O Programa Livre – com muito mais vigor que o Altas Horas, por exemplo – se sustentou pelo diálogo direto, pelas reivindicações e por muitas pautas duras. Sustentado pelo bordão “Fala, garoto!” – que já aparecia na abertura do programa, grafitado num muro feito por computador – buscava justamente dar o direito à fala de uma juventude marcada pelo inconformismo e pelo niilismo. Vale lembrar, por exemplo, que foi nos anos 90 que a juventude dos “caras pintadas” apoiaram nas ruas o impeachment do presidente Collor e que o grunge espalhou pelo mundo uma música pautada pela melancolia e pela descrença no futuro.
O caráter incisivo desta juventude está documentado em várias edições do programa. Quando o ex-presidente Collor esteve no programa, após ter saído do poder, teve que ouvir a seguinte pergunta de um presente na plateia: “o senhor dorme tranquilo sabendo que 150 milhões de pessoas o odeiam?”. Noutro embate, um adolescente abriu um pôster de Mara Maravilha nua na Playboy e teve que ouvir reclamações dela. Além disso, segundo documenta o livro Almanaque do SBT, algumas edições trouxeram ao palco plateias mais plurais, como menores da antiga FEBEM e presidiários do Carandiru. Dentre as discussões, temas espinhosos, como aborto, liberalização da maconha e questões relacionadas à vida política do país (por exemplo, recebeu Lula para dar entrevistas aos jovens em 1996).
Em 2000, com a ida para a Globo, passou a apresentar aos sábados os Altas Horas – que, como o próprio nome sugere, vai ao ar à noite. O “fala, garoto” deu espaço a um novo lema, “vida inteligente na madrugada”, que não faz tanta justiça ao programa global caso fôssemos compará-lo com o antecessor. No entanto, em vinte anos, Altas Horas conseguiu trazer para a Globo uma conversa franca sobre sexo, com a sexóloga Laura Muller; marcou o formato talk show ao manter uma banda de apoio só de mulheres; além de atrações musicais certamente facilitadas pelo poder da emissora e eventuais boas reflexões feitas durante o programa.

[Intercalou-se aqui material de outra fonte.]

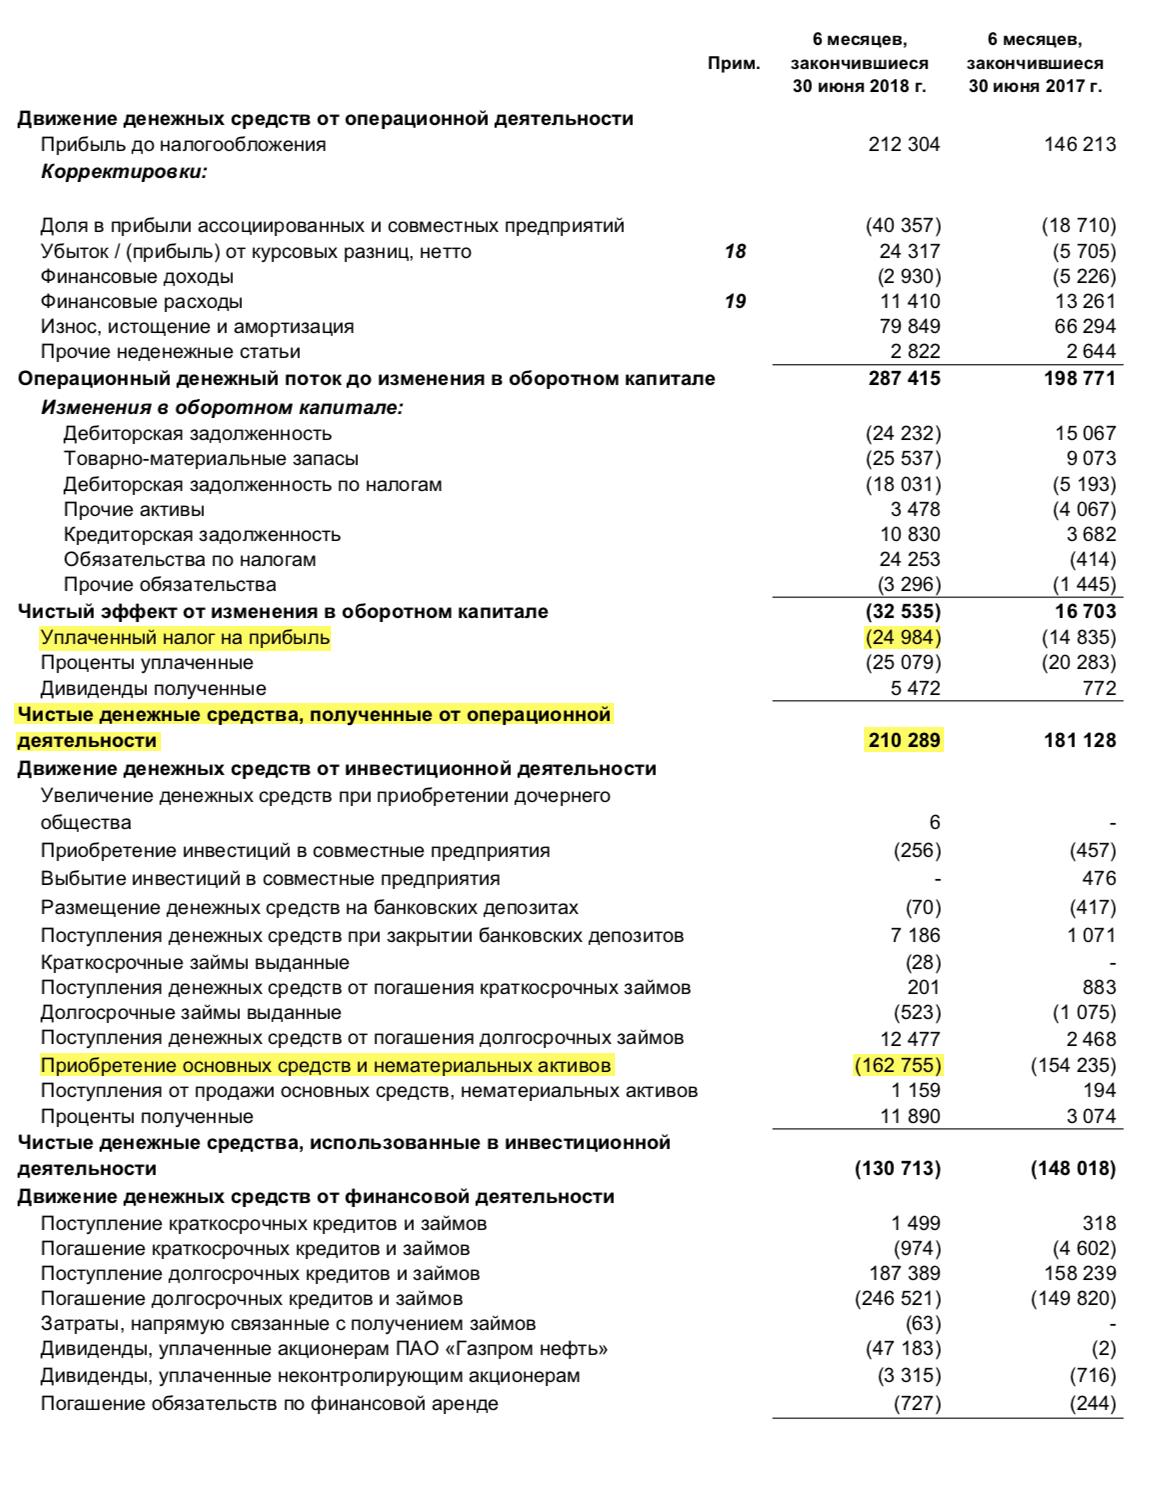 Отчет о движении денежных средств «Газпром-нефти» за второй кв. 2018 года, стр. 5

Hoje assistimos já ao que parece ser um novo fenômeno da juventude, que diz respeito a uma possível mudança nas linguagens pelas quais esse público se expressa. Nesta reportagem do Tab UOL, investiga-se sobre o sucesso atual dos vídeos em formato POV (abreviação de point of view, referindo-se às gravações em que um sujeito fala diretamente para a câmera, como se do outro lado houvesse um interlocutor). A sensação, é claro, de estranhamento e rejeição, pois nada mais difícil que entender a “língua” dos mais jovens que nós – mesma sensação que eu tenho, por exemplo, quando vejo o sucesso feito por celebridades jovens recentes que aparentemente são famosas só por publicarem vídeos sobre nada na internet. Os jovens mudam, pois assim é o natural, mas algo sempre permanece: a tentação que os mais velhos têm de olhá-los de cima.
Por isso mesmo, vale a pena reforçar: Serginho Groisman, ao permanecer na mesma altura que o seu público, é o septuagenário mais jovem que esse país conhece.